Cholinesterases in normal and Alzheimer's disease primary olfactory gyrus
The olfactory system begins at the olfactory epithelium in the nasal cavity, where olfactory sensory neurons project to the olfactory bulb. Neurons within the olfactory bulb project, via the olfactory tract, to the primary olfactory cortex, which includes the olfactory tubercle and piriform cortex (Figure 1) 5. In addition, a region of the primary olfactory system, a gyrus comprised of the olfactory tract, clusters of pyramidal neurons that form the cortical anterior olfactory nucleus (AON) and the olfactory area (OA) 5, has been described previously. Because this gyrus is the focus of the present work, as outlined below, for ease of reference, we will refer to this region as the primary olfactory gyrus (POG).
The AON is divided into three parts: bulbar (within the olfactory bulb), peduncular (within the olfactory tract) and cortical (within the POG) (Figure 1) 5. Early deposition of AD pathology has been reported in the bulbar and peduncular AON 2. Few studies have examined AD pathology in components of the POG 14, the entry point of olfactory sensory input into the cerebral cortex. Furthermore, despite the importance of the cholinergic system in AD 17, changes to components of the cholinergic system in the POG of individuals with AD have not been explored.

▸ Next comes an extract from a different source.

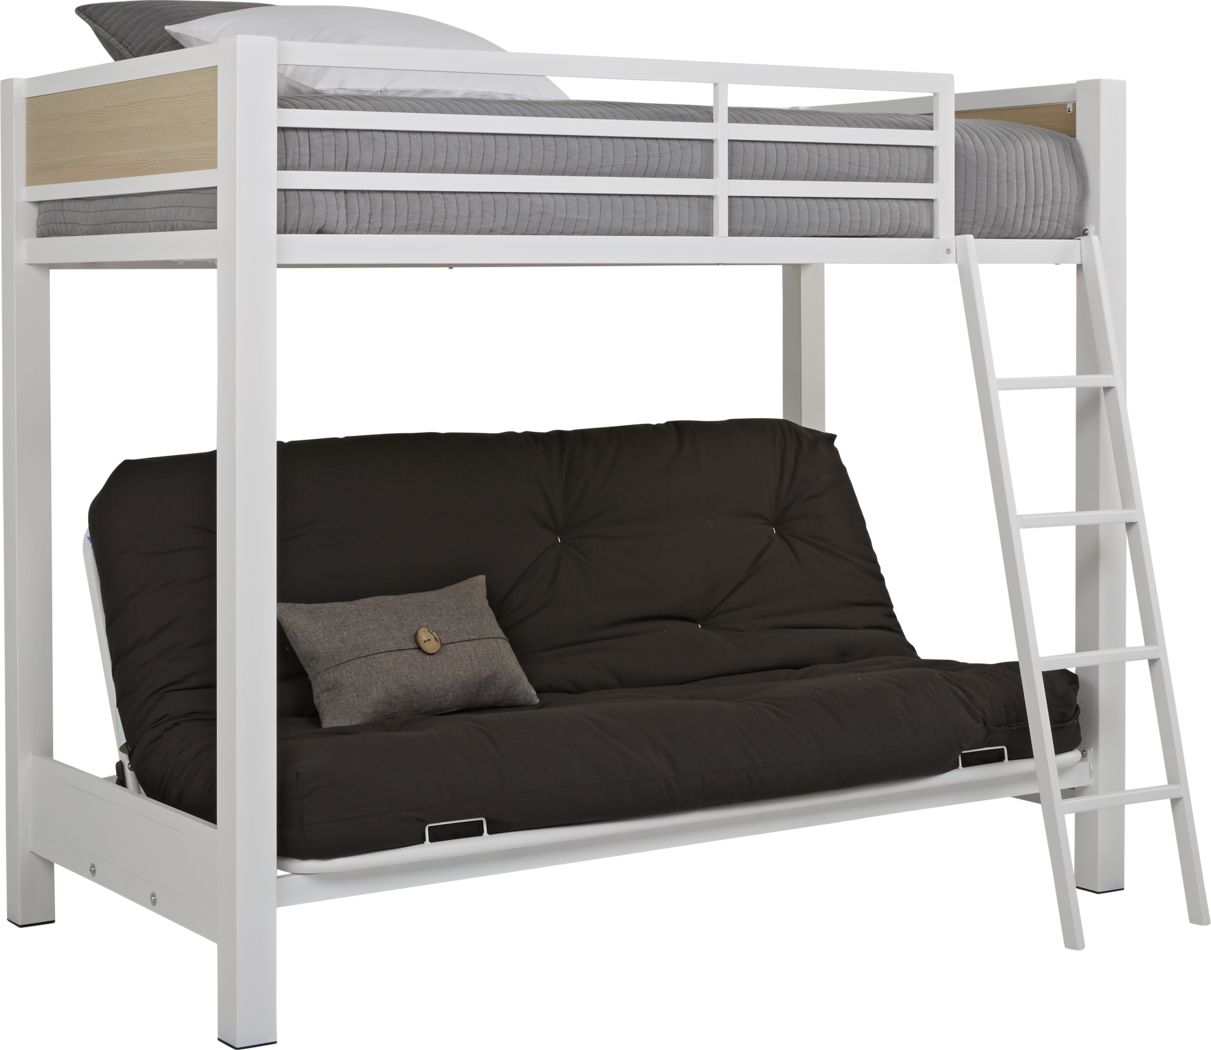 Bunk Beds For Kids, Rooms To Go Bunk Bed With Slide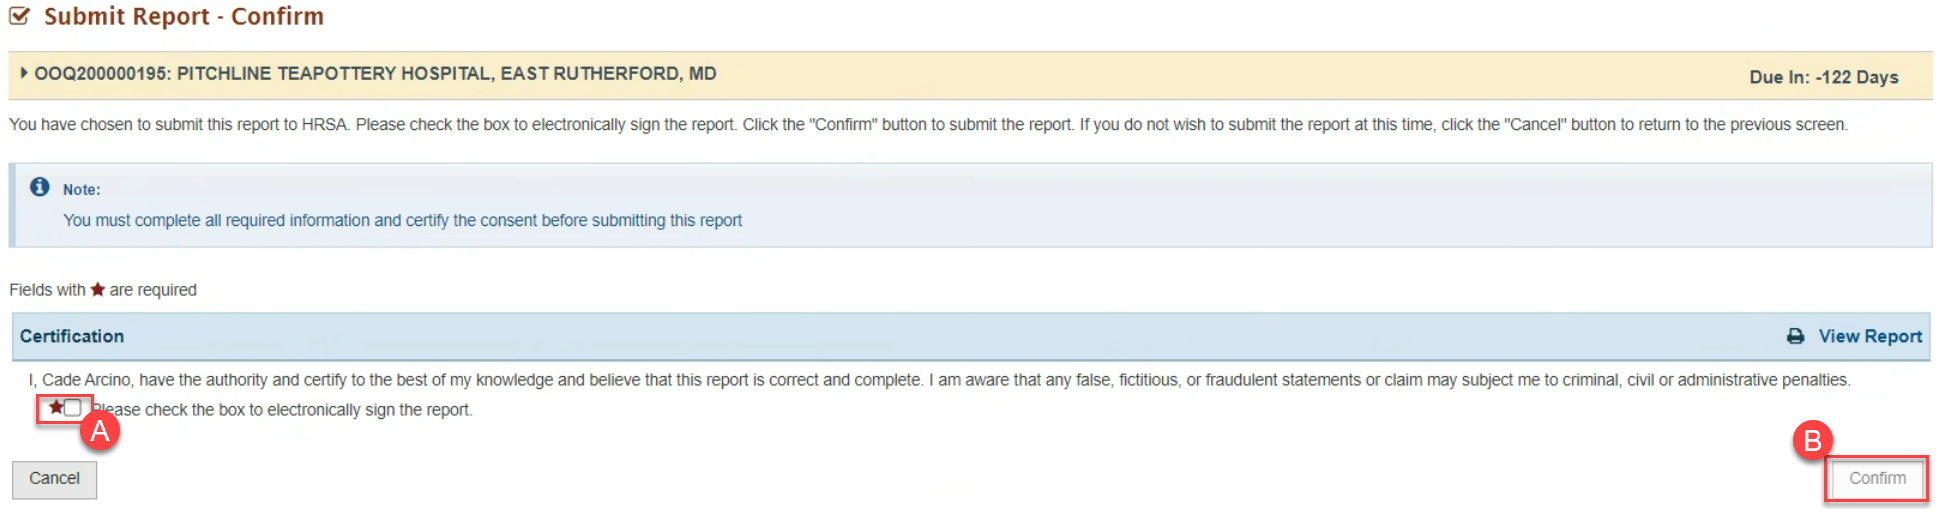 Screenshot of Submit Confirm page

AD is characterized, not only by the presence of Aβ and NFT deposition, but also by the loss of cholinergic neurons, the neurotransmitter acetylcholine, its synthesizing enzyme, choline acetyltransferase and the degrading enzyme acetylcholinesterase (AChE) 18. In contrast, activity of the related enzyme, butyrylcholinesterase (BChE) in AD, has been observed to increase 18 or remain the same 23. In AD, Aβ plaques and NFTs have been shown to associate with cholinesterase activity, particularly with BChE 24. BChE appears to play a role in the conversion of benign plaques, as seen in normal ageing, to fibrillar plaques present in AD 27. Support for this role comes from the observation that the association of BChE with Aβ plaques is also found in mouse models of AD 28. Moreover, in an AD mouse model, wherein the BChE gene has been knocked out, a decrease in the deposition of Aβ plaques has been observed 29.
In this study, we first examined the cytoarchitecture and the distribution of AChE and BChE in the normal human POG. In addition, we examined Aβ plaque and NFT deposition in the POG of individuals with AD. As α‐synuclein‐positive Lewy bodies and Lewy neurites are frequently observed in the brains of moderate to severe cases of AD 31, we also stained for α‐synuclein‐associated pathologies in the AD POG. Because the cholinergic system is affected in AD, we examined the association of both AChE and BChE with Aβ plaques, tau NFTs and α‐synuclein pathologies.